:: Dataset content ::

================================

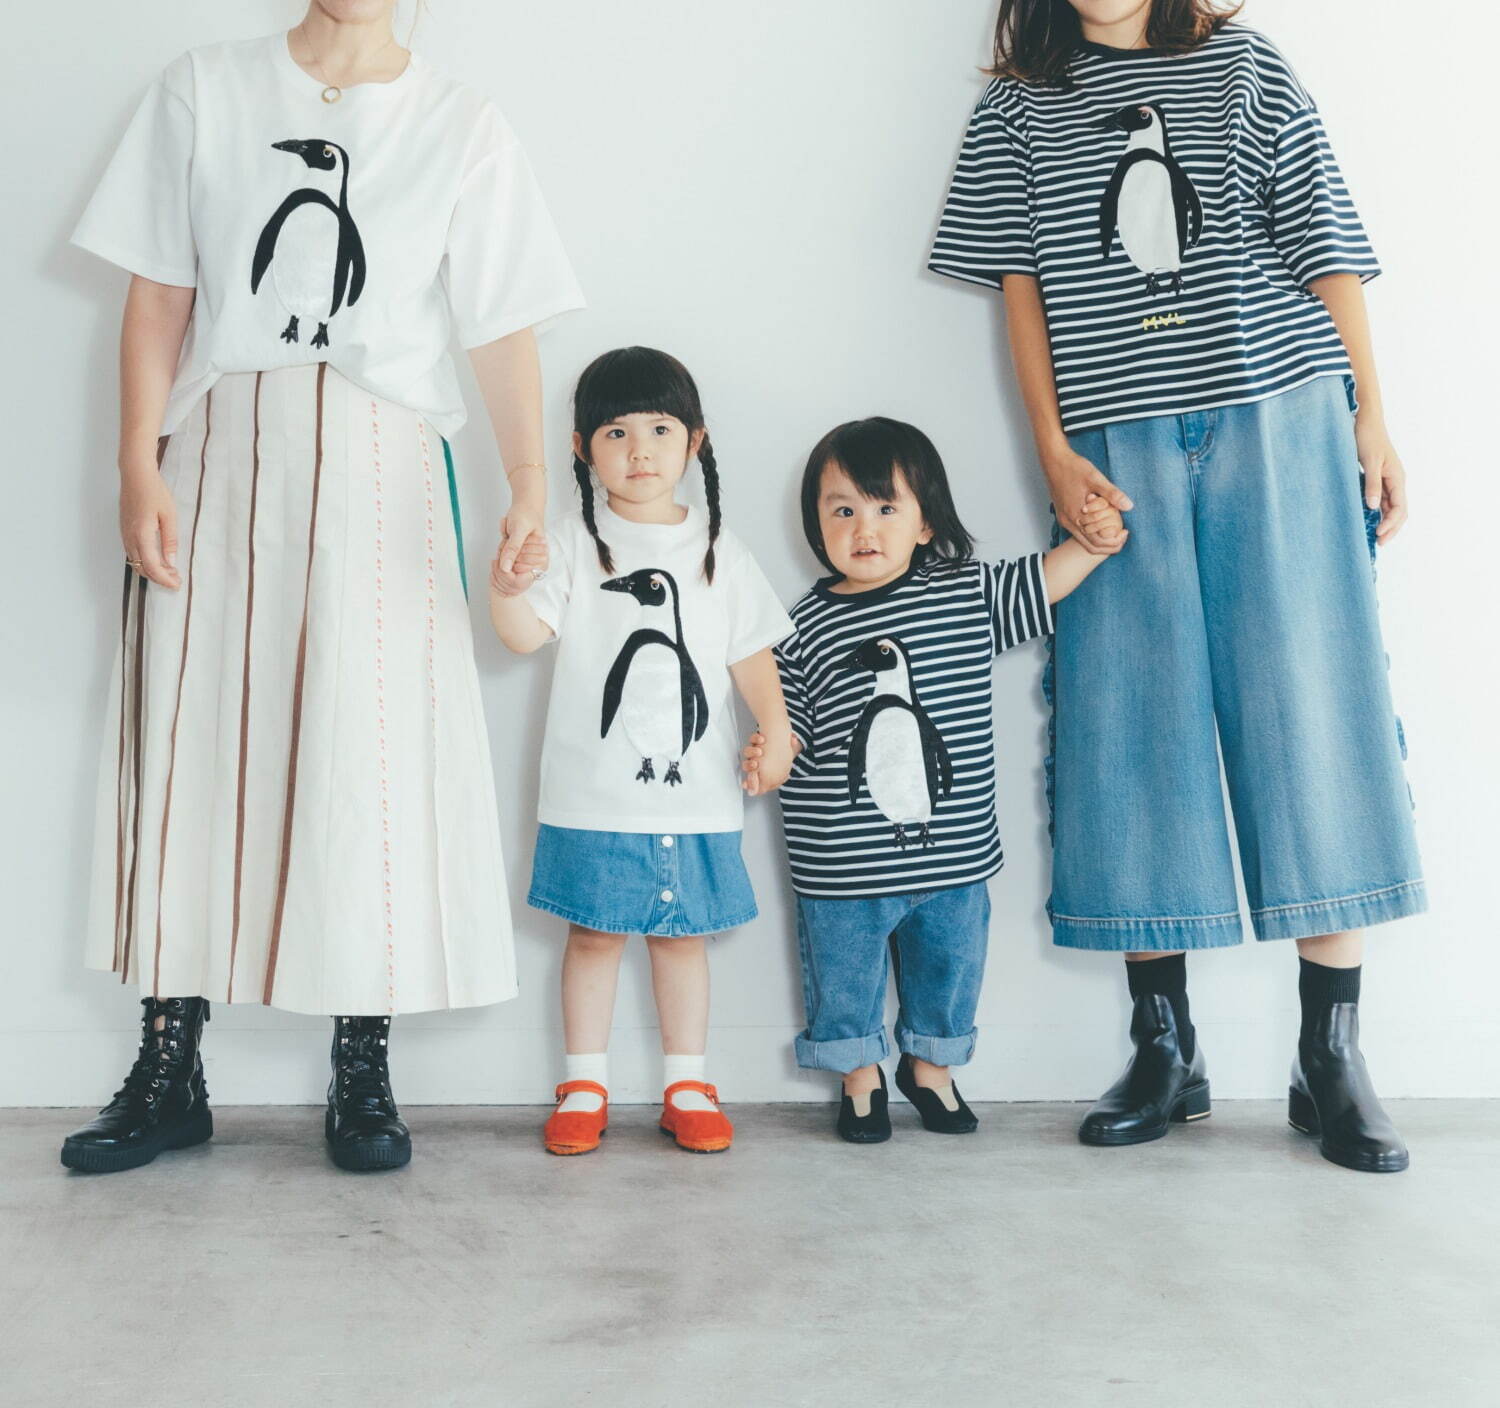 ペンギンアップリケTシャツ (36/38/40サイズ) 24,200円、(キッズ110㎝サイズ) 19,800円
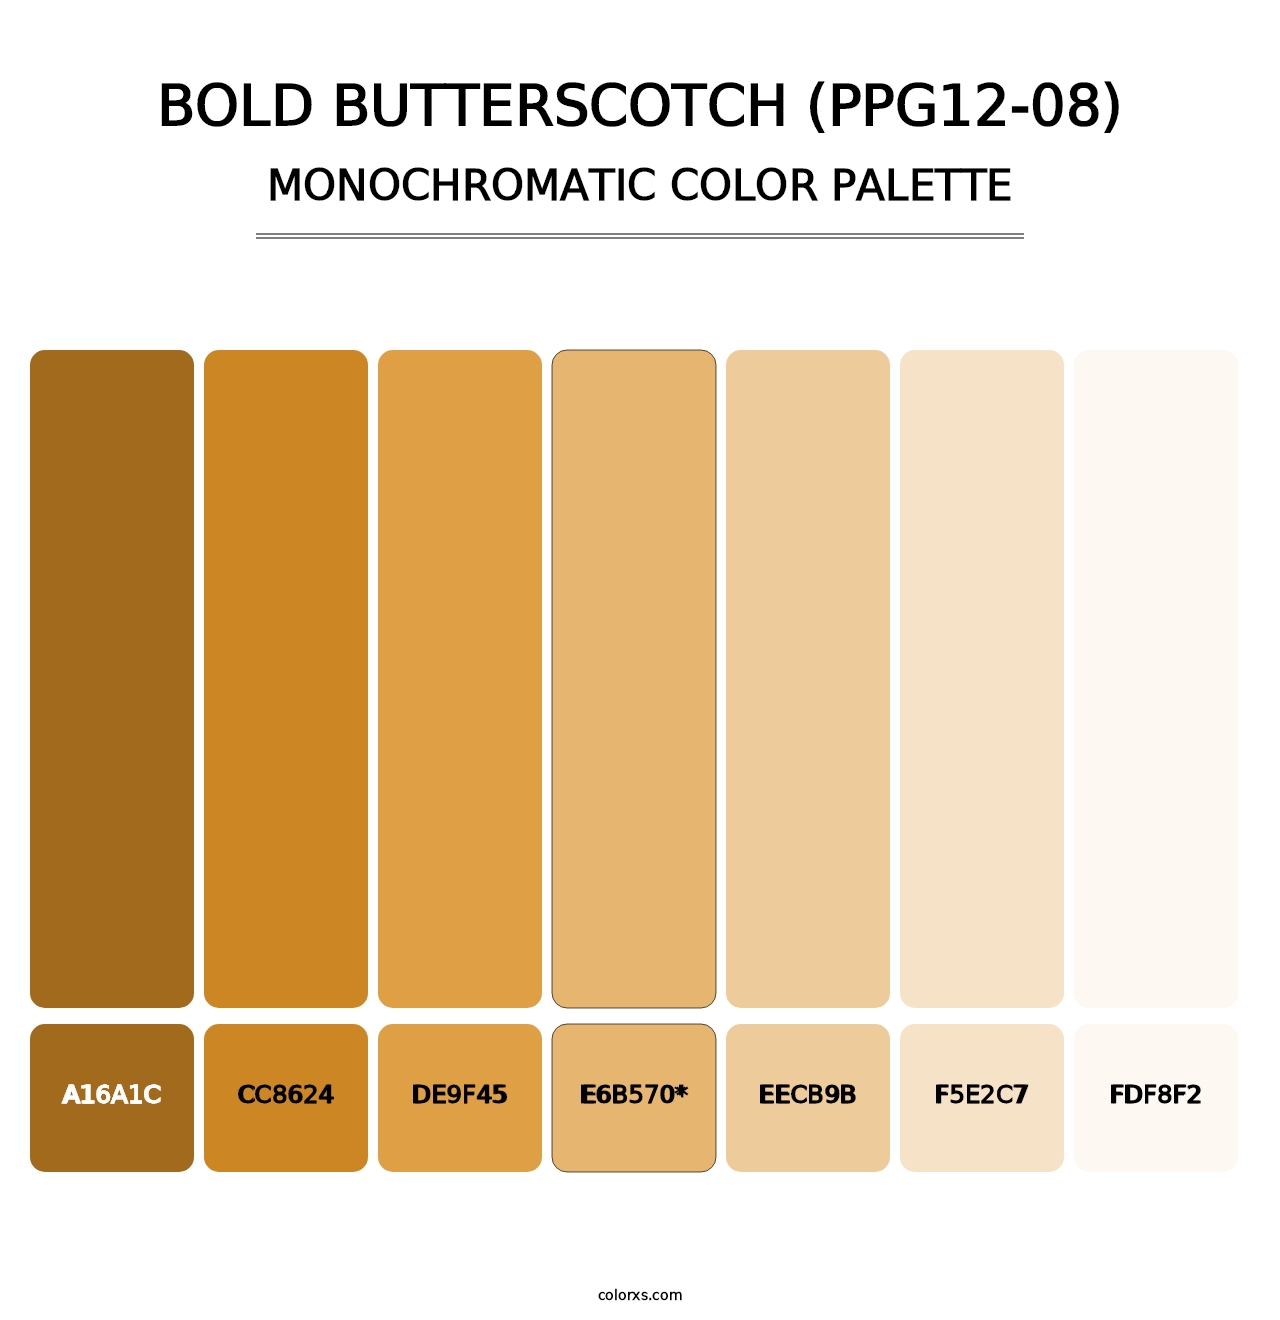 Bold Butterscotch (PPG12-08) - Monochromatic Color Palette
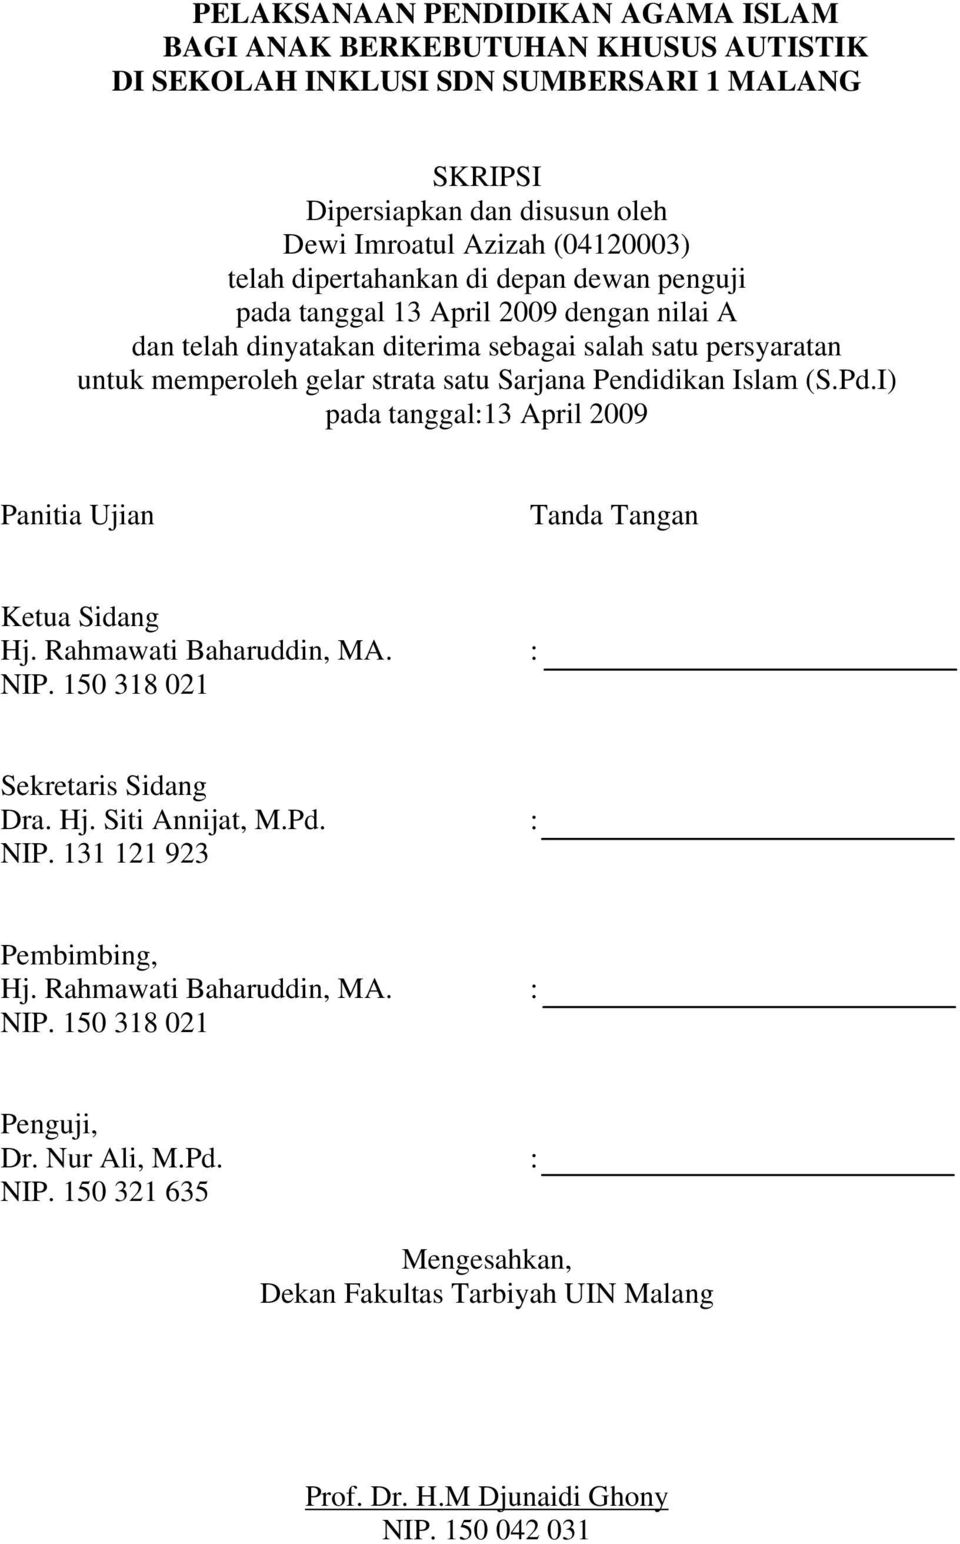 Islam (S.Pd.I) pada tanggal:13 April 2009 Panitia Ujian Tanda Tangan Ketua Sidang Hj. Rahmawati Baharuddin, MA. : NIP. 150 318 021 Sekretaris Sidang Dra. Hj. Siti Annijat, M.Pd. : NIP. 131 121 923 Pembimbing, Hj.
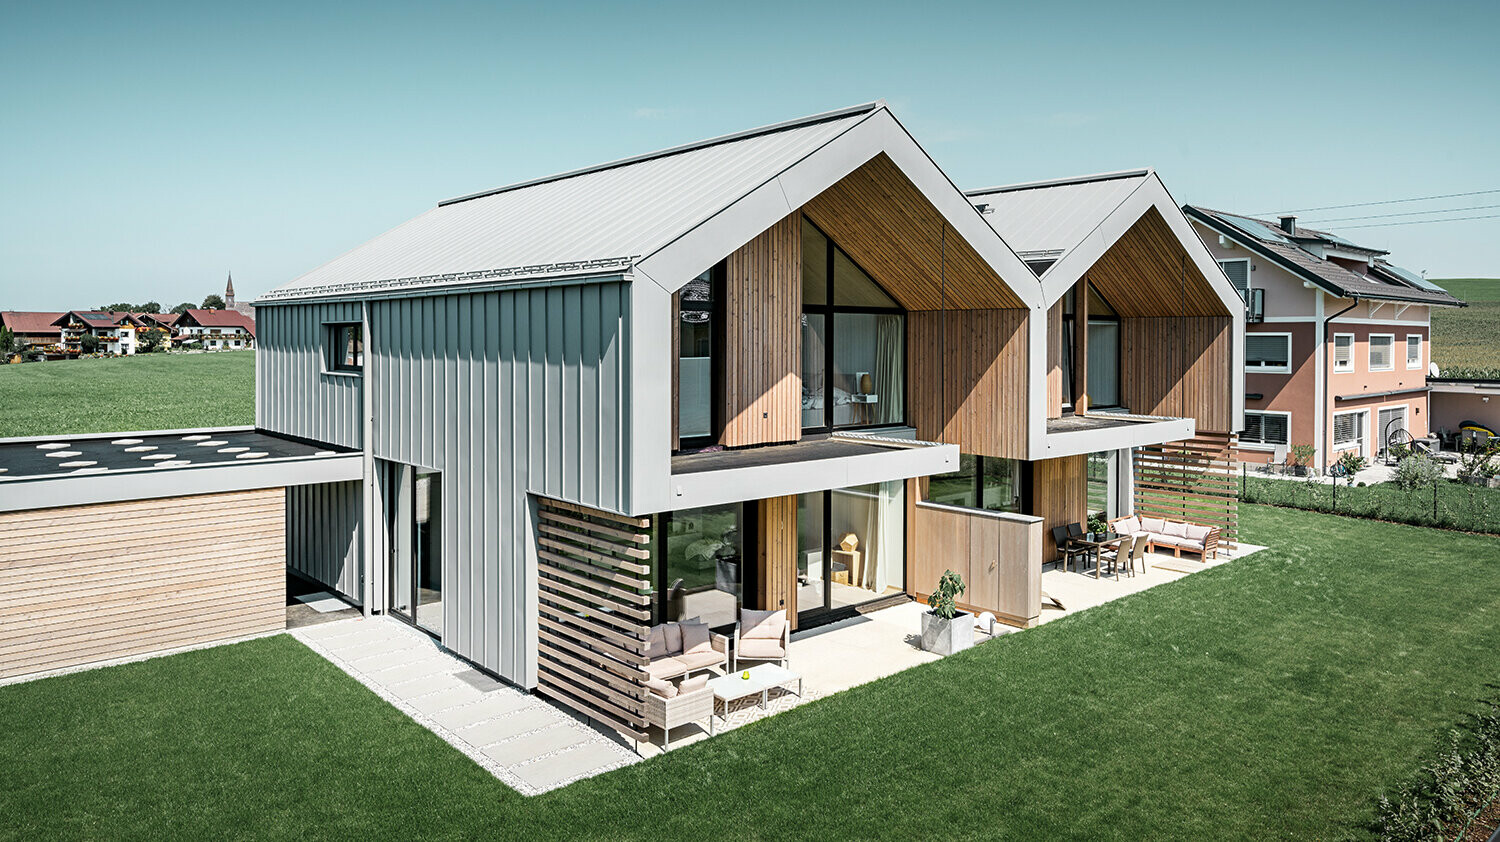 moderne dobbelthuse med PREFALZ-klimaskærm, -tag og -facade er beklædt med PREFALZ i patinagrå inklusiv kvadratrør

================================

:: The task ::
Return the lines above exactly; the images are not part of the copy.

:: Solved problem ::
 ペンギンアップリケTシャツ (36/38/40サイズ) 24,200円、(キッズ110㎝サイズ) 19,800円
 Bold Butterscotch (PPG12-08) - Monochromatic Color Palette
 Islam (S.Pd.I) pada tanggal:13 April 2009 Panitia Ujian Tanda Tangan Ketua Sidang Hj. Rahmawati Baharuddin, MA. : NIP. 150 318 021 Sekretaris Sidang Dra. Hj. Siti Annijat, M.Pd. : NIP. 131 121 923 Pembimbing, Hj.
 moderne dobbelthuse med PREFALZ-klimaskærm, -tag og -facade er beklædt med PREFALZ i patinagrå inklusiv kvadratrør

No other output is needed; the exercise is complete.